What are you currently excited about in the energy world?
It is every individual and nation’s obligation to save energy and futureproof the environment for our generations. I am excited that we can significantly contribute to this mission collectively. For example, in one of my industry projects, our team managed to save 1,845 kWh of electricity use per month for one building, capitalising on our expertise in this area.
Energy supply security and climate change are the dual challenges encountered both in Australia and worldwide, and the building sector is one of the considerable energy consumers, using about 30% of energy and over 50% of electricity globally (International Energy Agency, 2018).  

Why do you value being a member of the Energy Efficiency Council?
Being a member of the Energy Efficiency Council provides various opportunities for professionals, academics, and government agencies. access to state-of-the-art development and technologies, the ability to connect with colleagues with the same interests through the network, and even identifying collaborations and making friends. Being a member of the Energy Efficiency Council also provides great opportunities for individual professional development.

Where do you see Australia’s energy and energy management markets in 2030?
Australia is committed to fulfilling its environmental obligations, which include meeting the Paris Climate Agreement to reduce emissions generated in 2005 by a minimum of 26% by 2030.

While only 6% of Australia's total energy consumption was derived from renewables (DEE, 2018) and 86.3% of electricity was generated from fossil-based sources (Clean Energy Council, 2014), it is imperative to seek effective pathways to close this  gap.
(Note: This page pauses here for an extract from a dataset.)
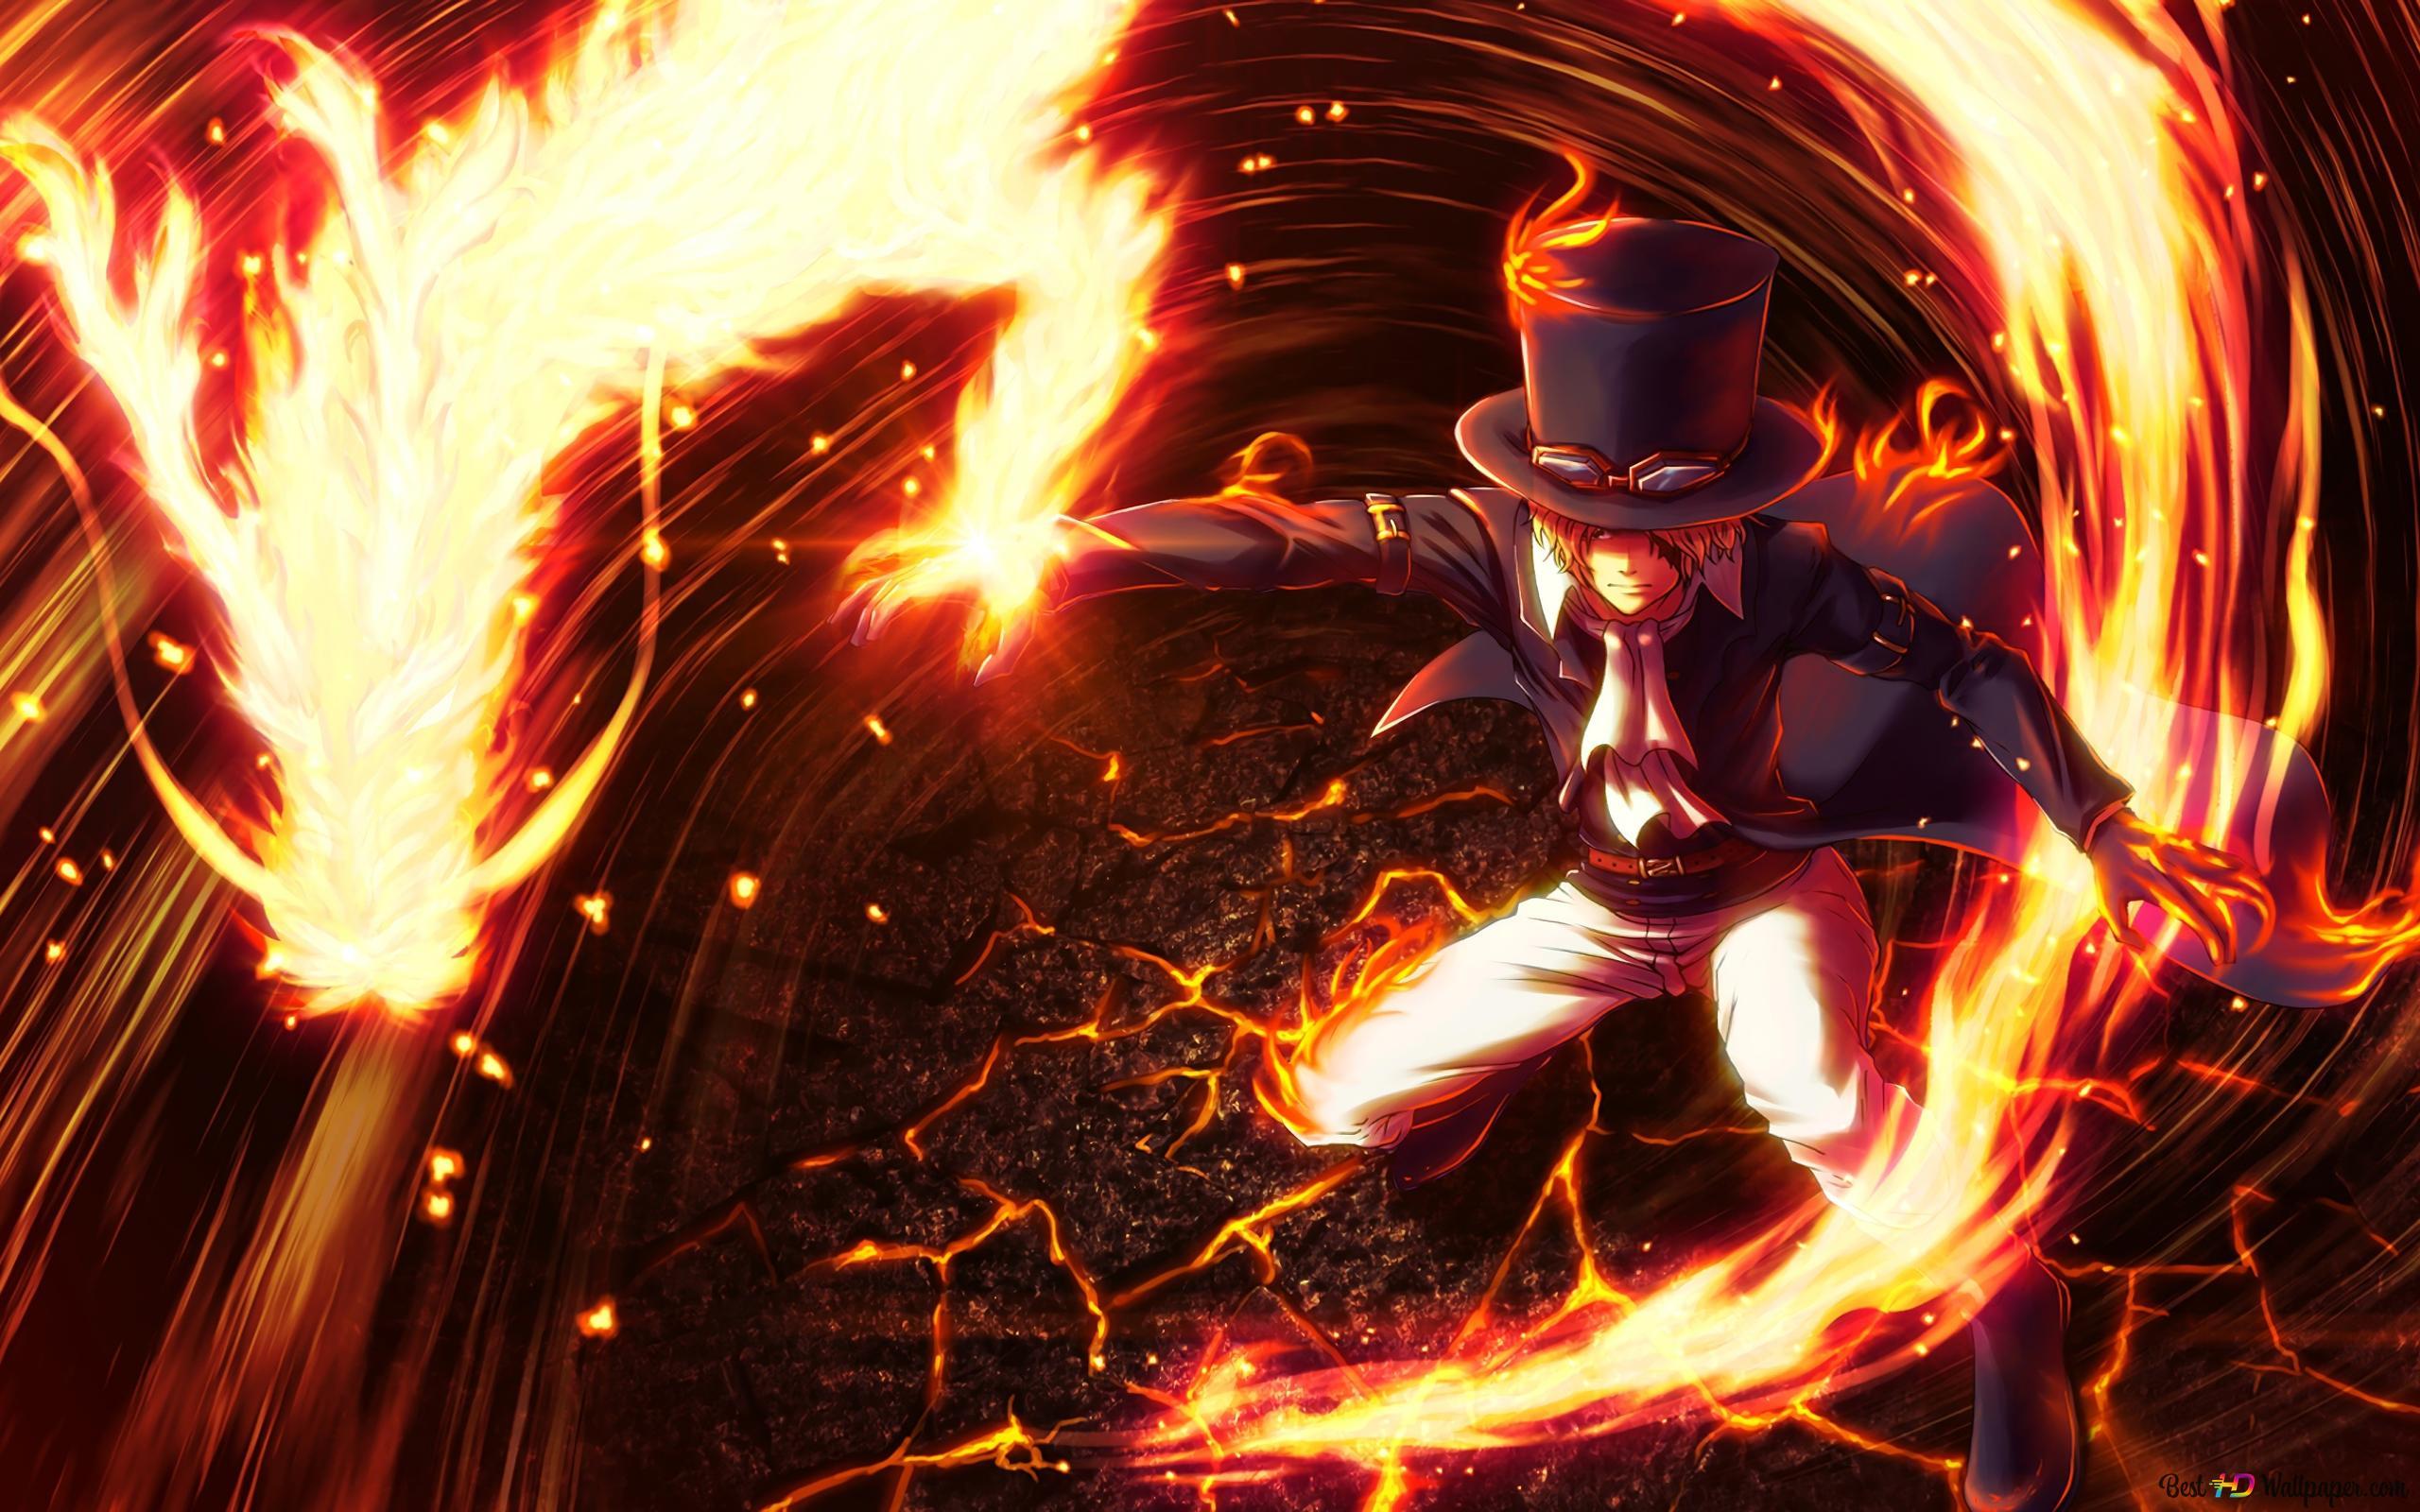 One Piece Sabo Dragon Flame Hd Wallpaper Download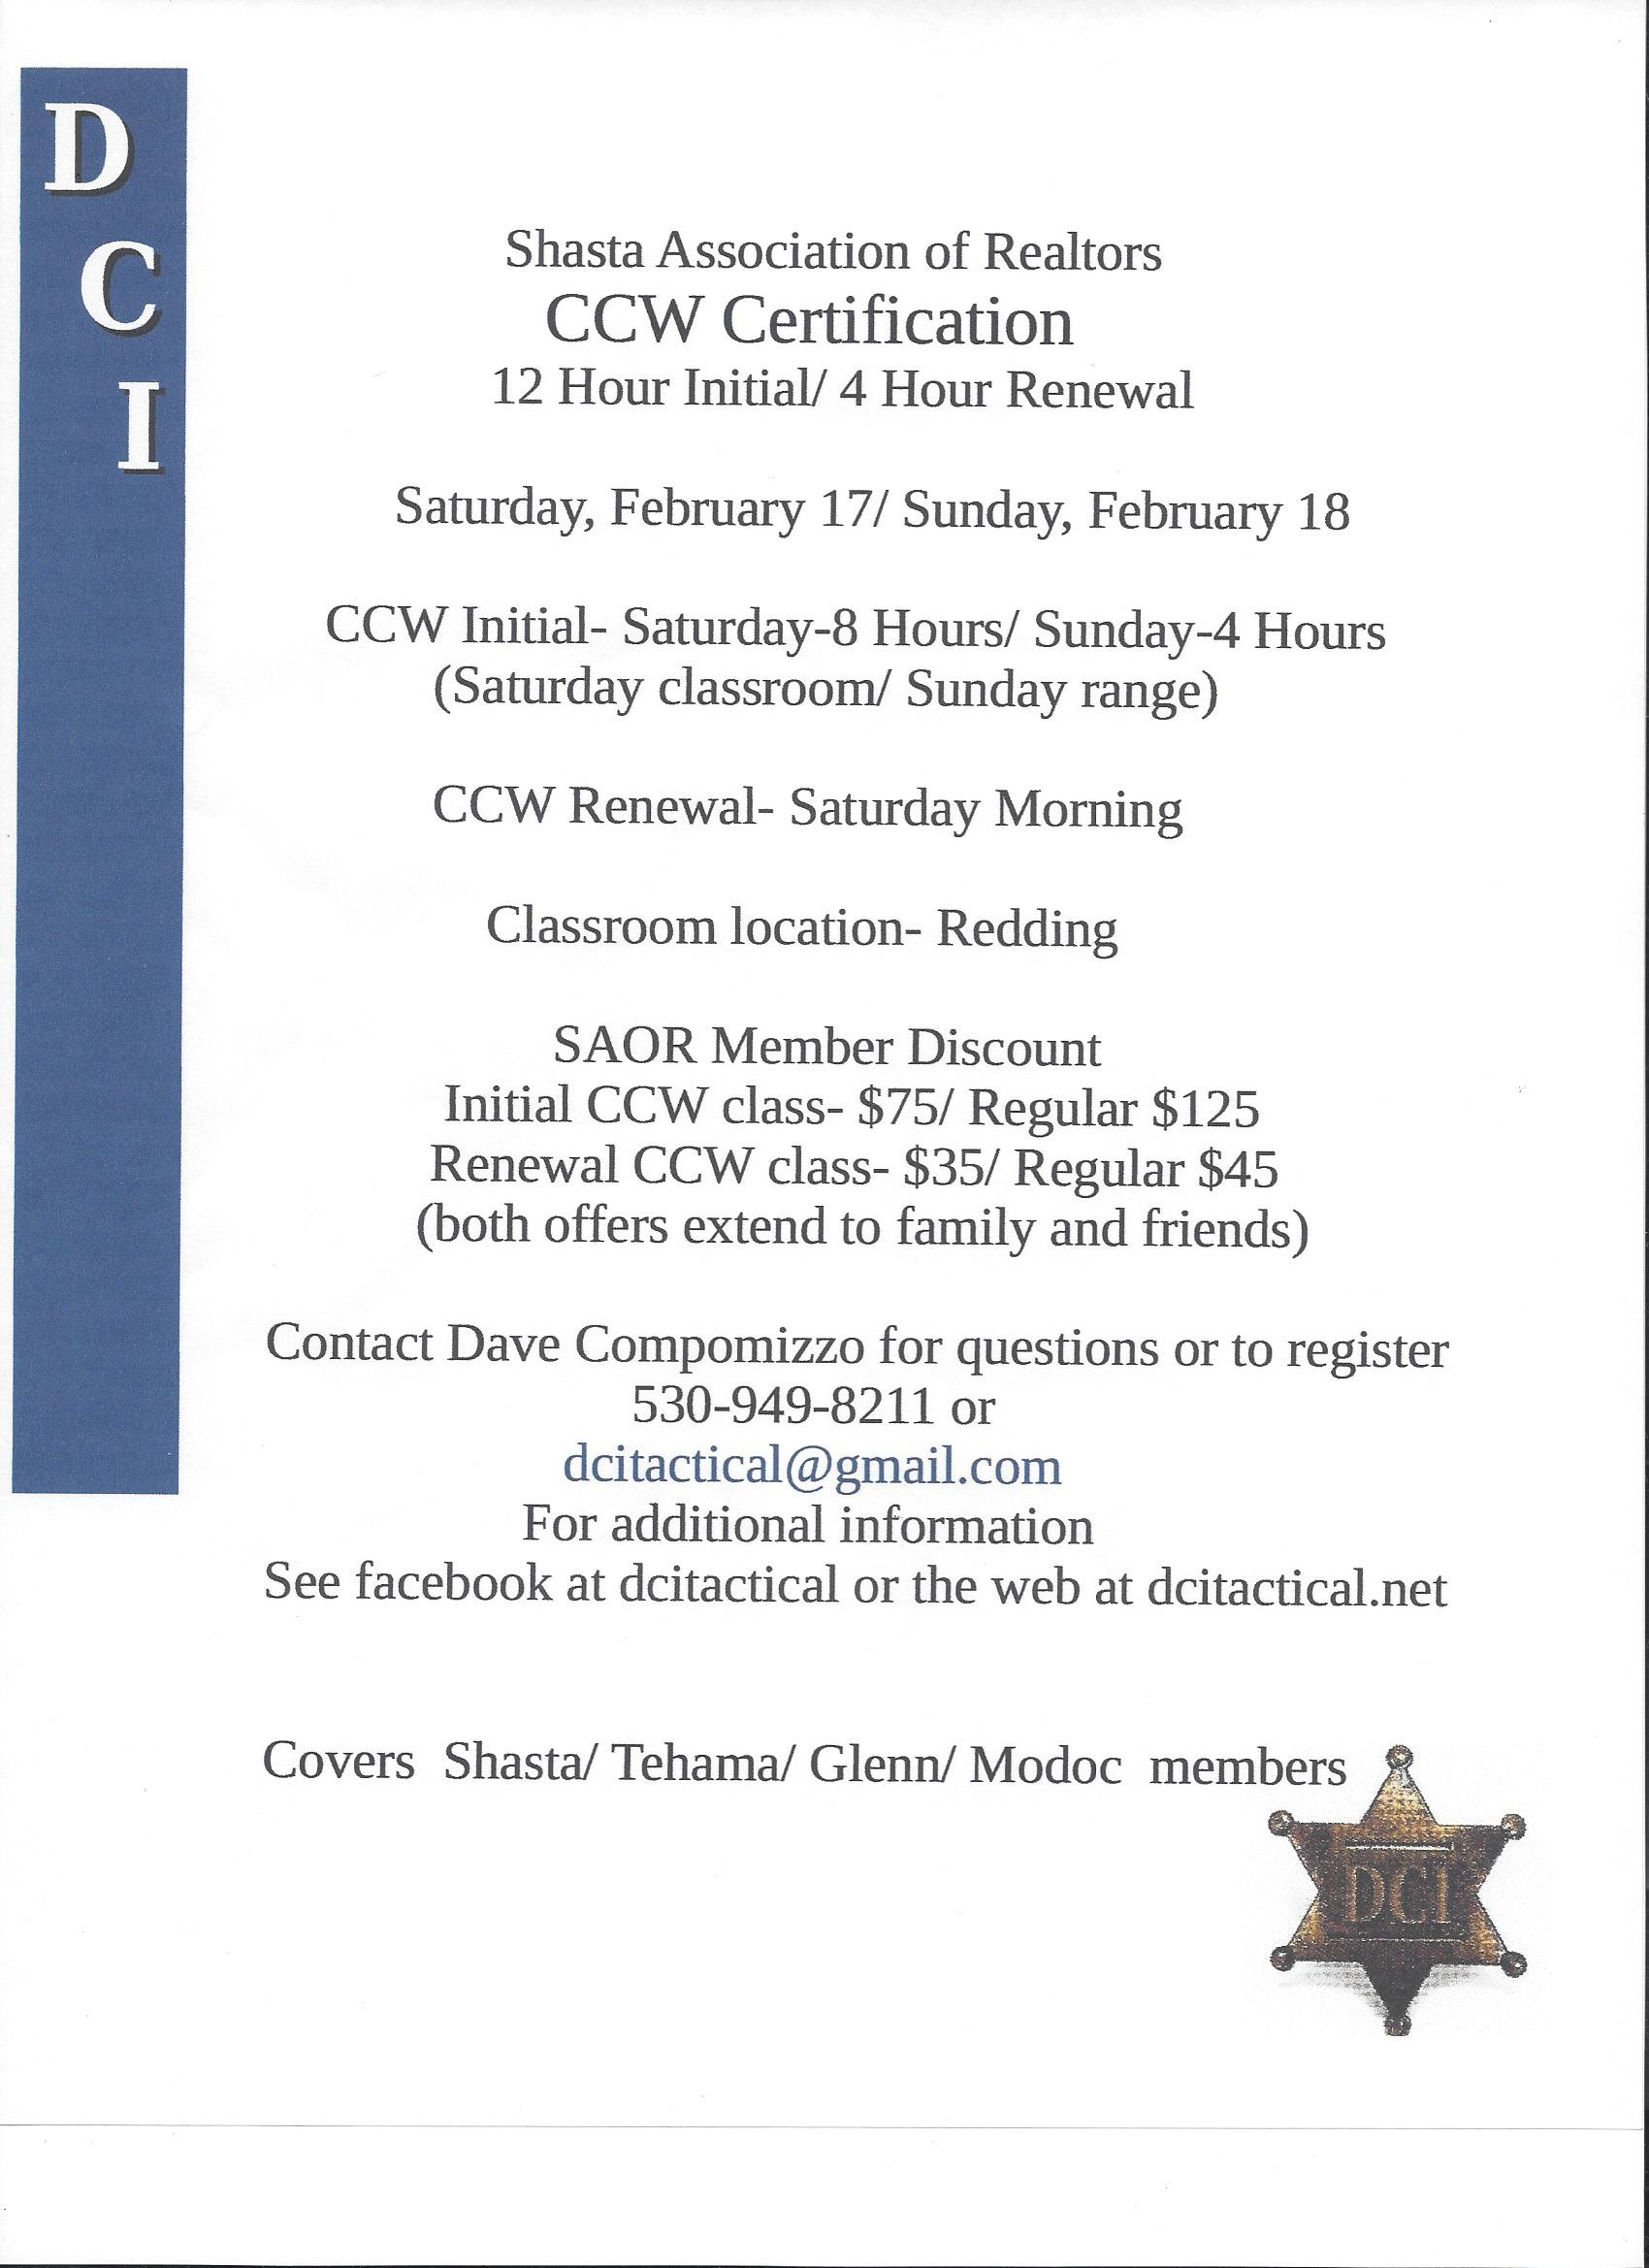 18-01-26;DCI Tactical CWP Training Feb 2018.jpg

With proper policy guidance, technology advancement, and infrastructure development for renewable energy, we will be able to fulfil our environmental obligations and futureproof the environment for our generations with collective endeavours.

This article was originally published in the November edition of Efficiency Insight.

Professor Mattheos Santamouris, Scientia Distinguished Professor, University New South Wales

Professor Mattheos Santamouris is the Australian representative on the Air Infiltration and Ventilation Center (AIVC – Annex 5) Board of Directors.

Who do you work for and what is your role? 

I am currently the Anita Lawrence Scientia Professor of High-Performance Architecture at the University of New South Wales (UNSW) School of Business Environment, working on high quality and innovative research related to the energy and environmental quality of the built environment.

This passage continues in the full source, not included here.